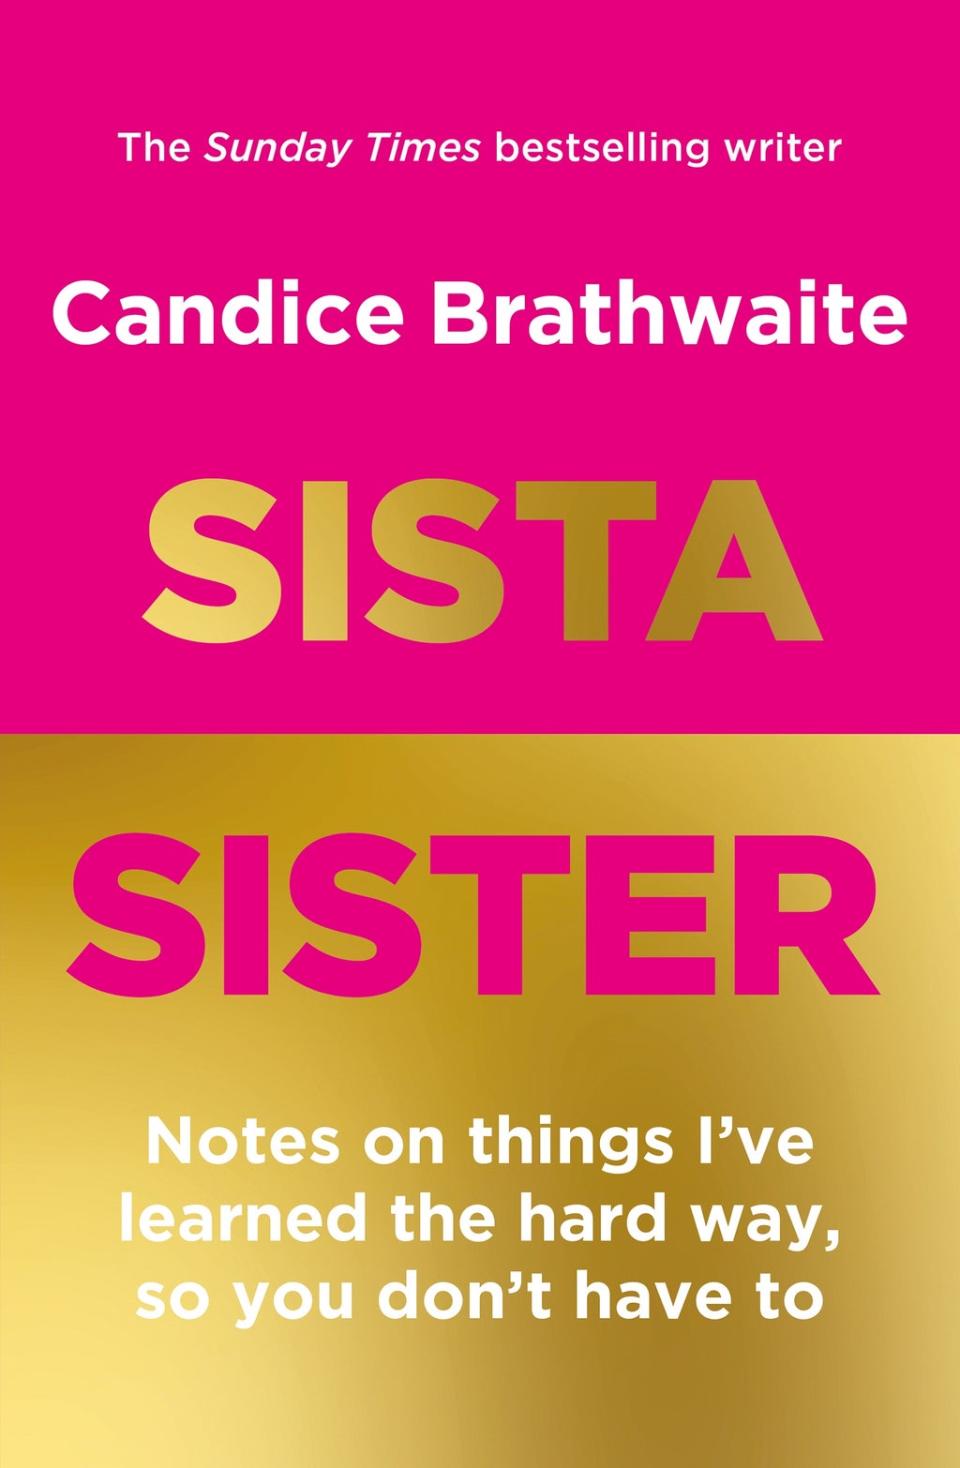  (Sista Sister: Notes on Things I’ve learned the hard way so you don’t have to by Candice Brathwaite (Quercus))
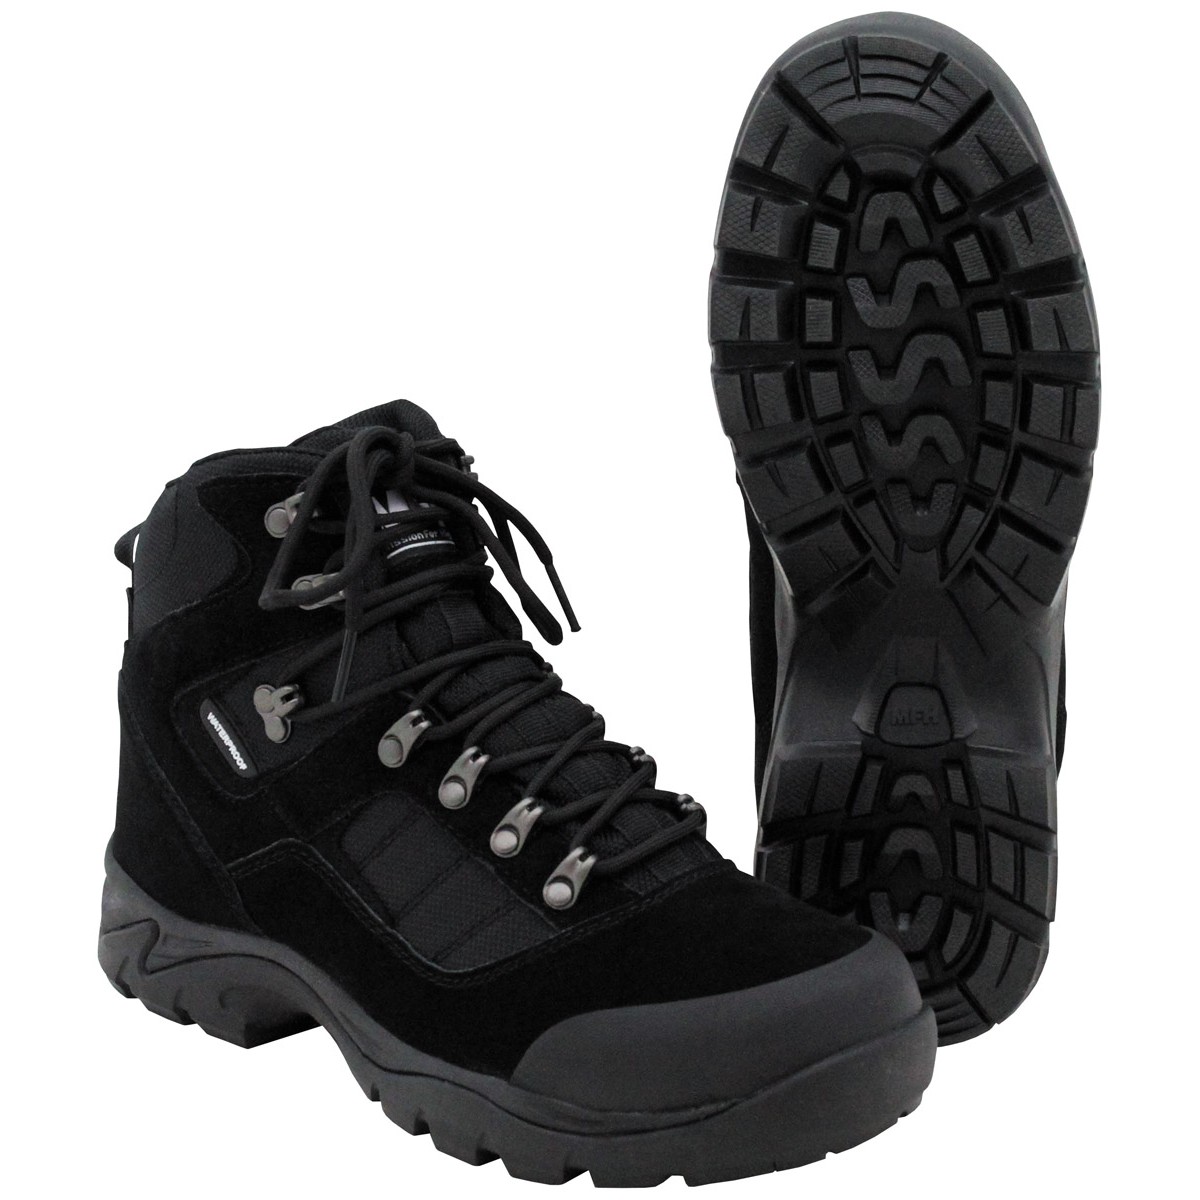 Tactical Police Security Combat Boots w/ HBR Membrane - Black
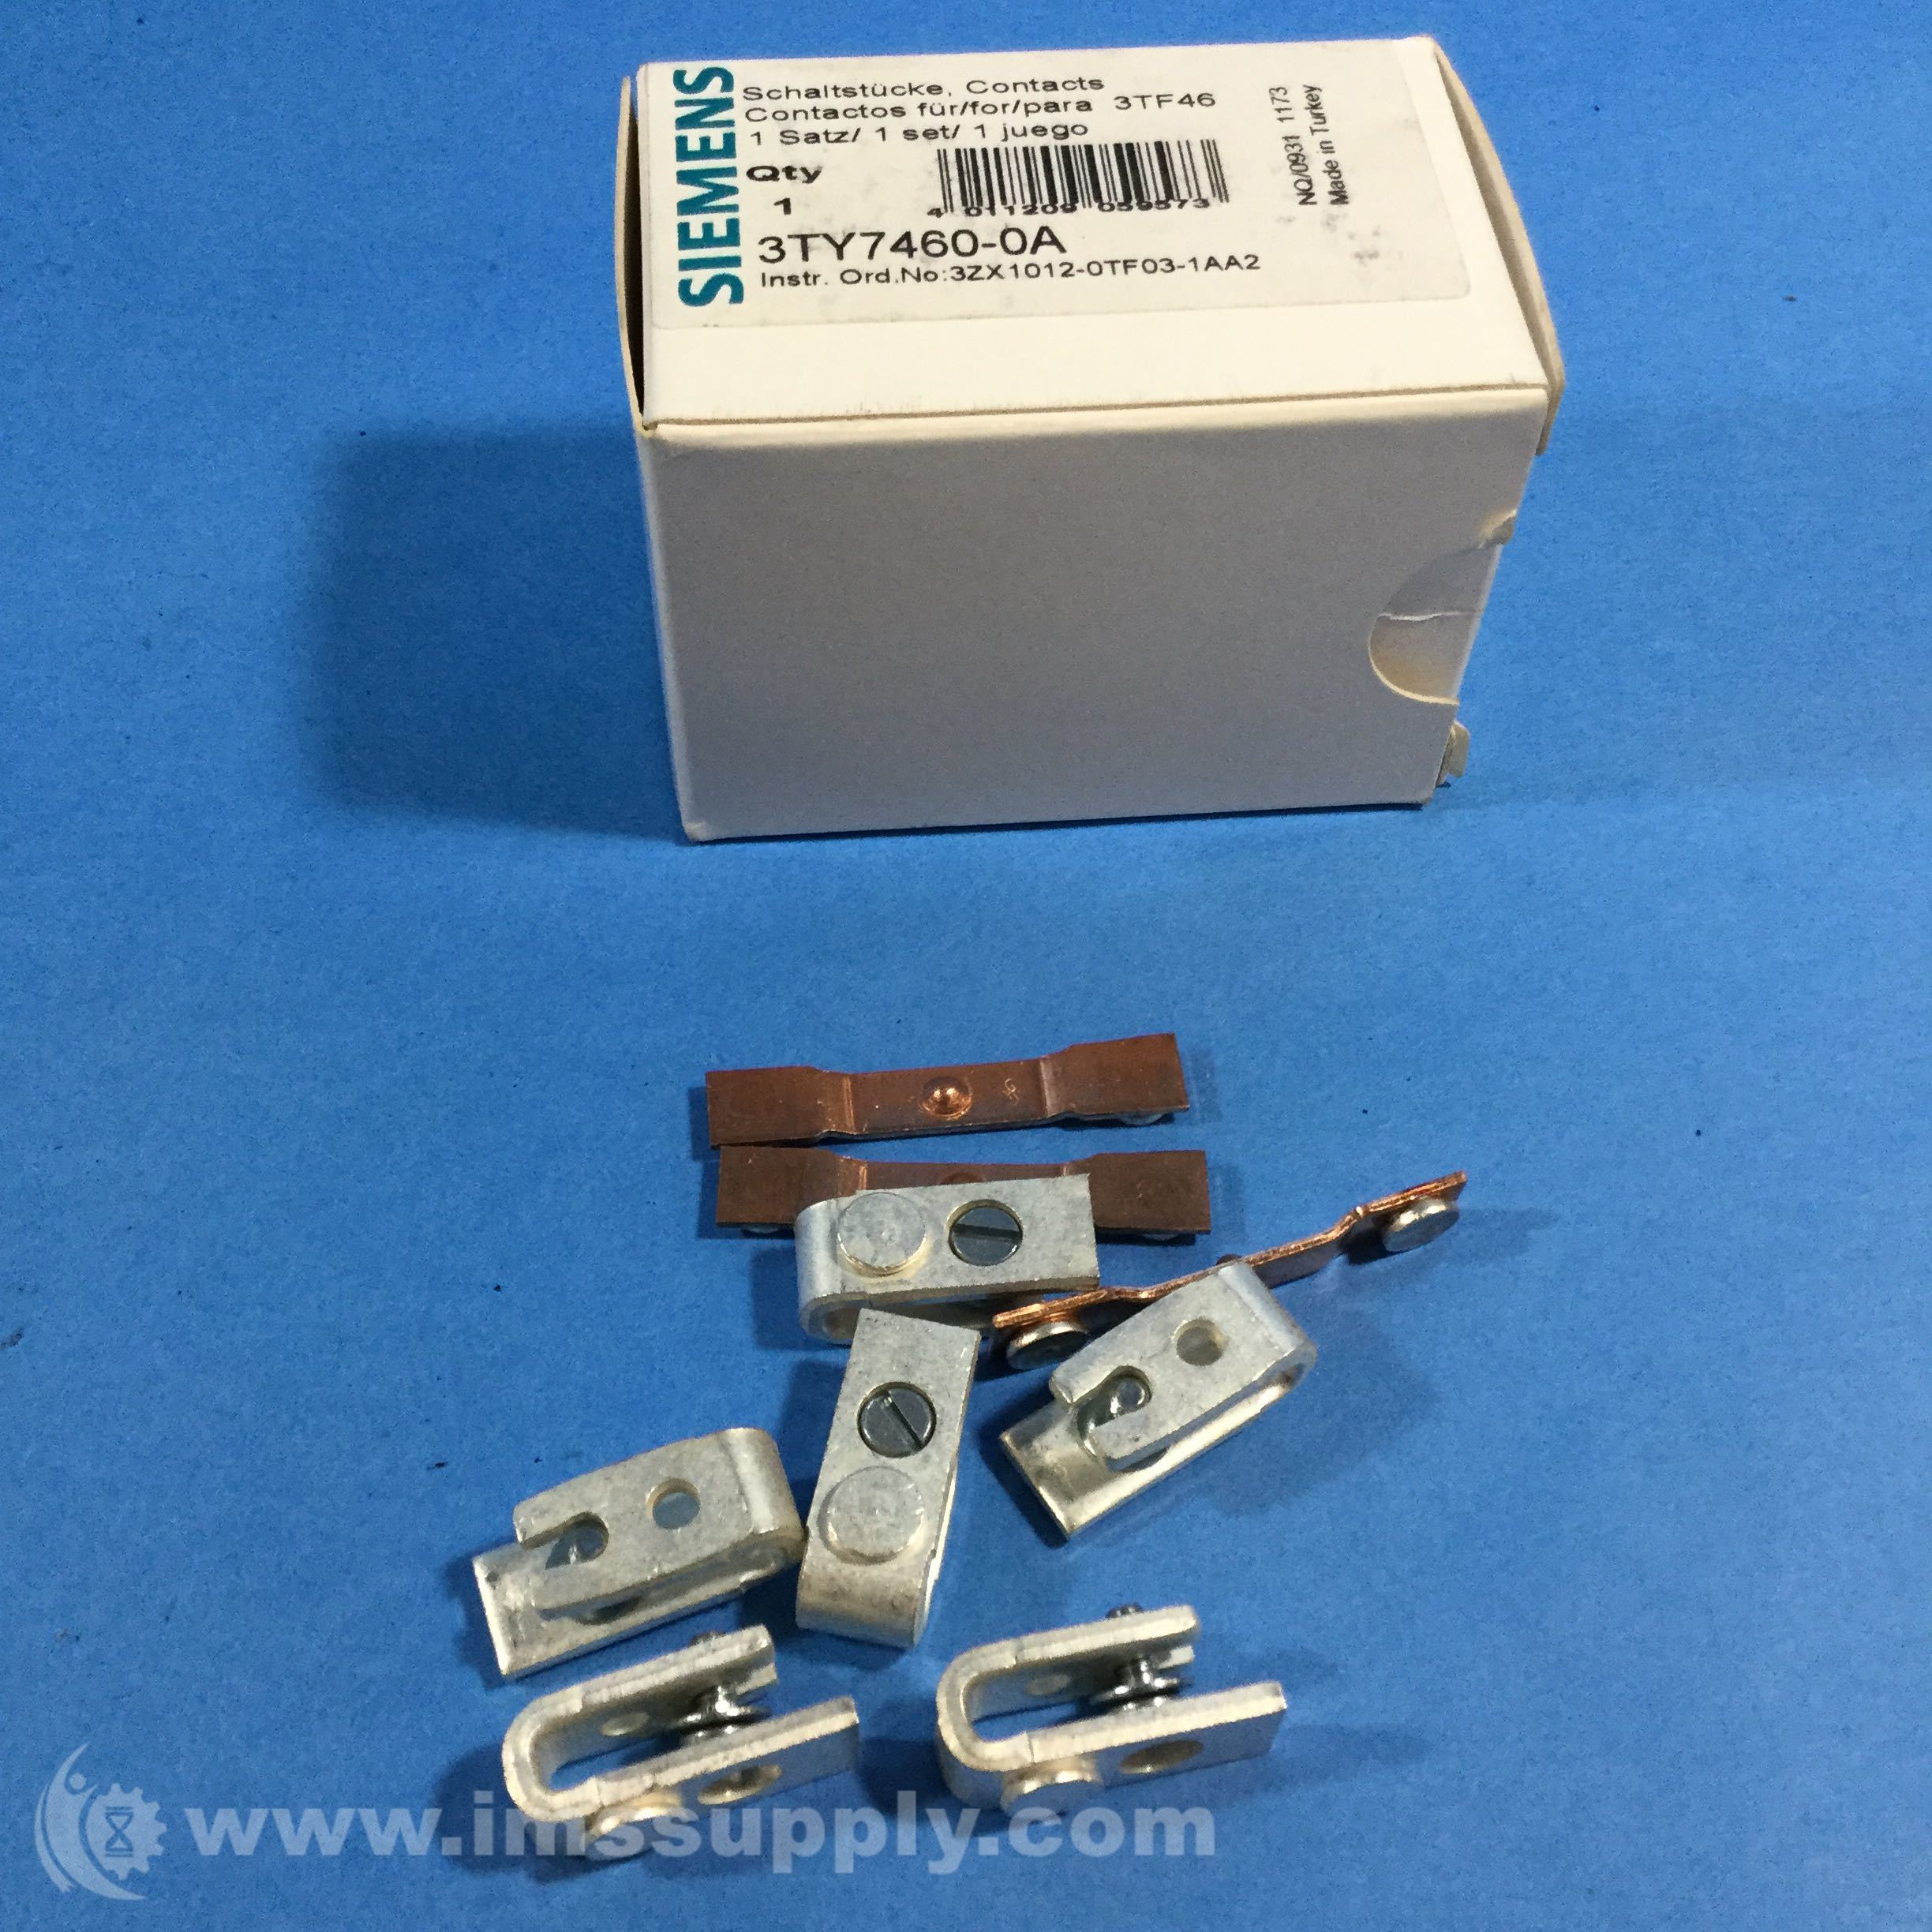 3TY7460-OA 3TF Main Contact 3P   3TY7460-0A  Fit for  Siemens  3TF46 3TY7460

DIRECTIONS FOR THIS TASK | Your response must consist of the material above, reproduced word for word, with the images omitted.

FINAL ANSWER |
  (Sista Sister: Notes on Things I’ve learned the hard way so you don’t have to by Candice Brathwaite (Quercus))
 Tactical Police Security Combat Boots w/ HBR Membrane - Black
 3TY7460-OA 3TF Main Contact 3P   3TY7460-0A  Fit for  Siemens  3TF46 3TY7460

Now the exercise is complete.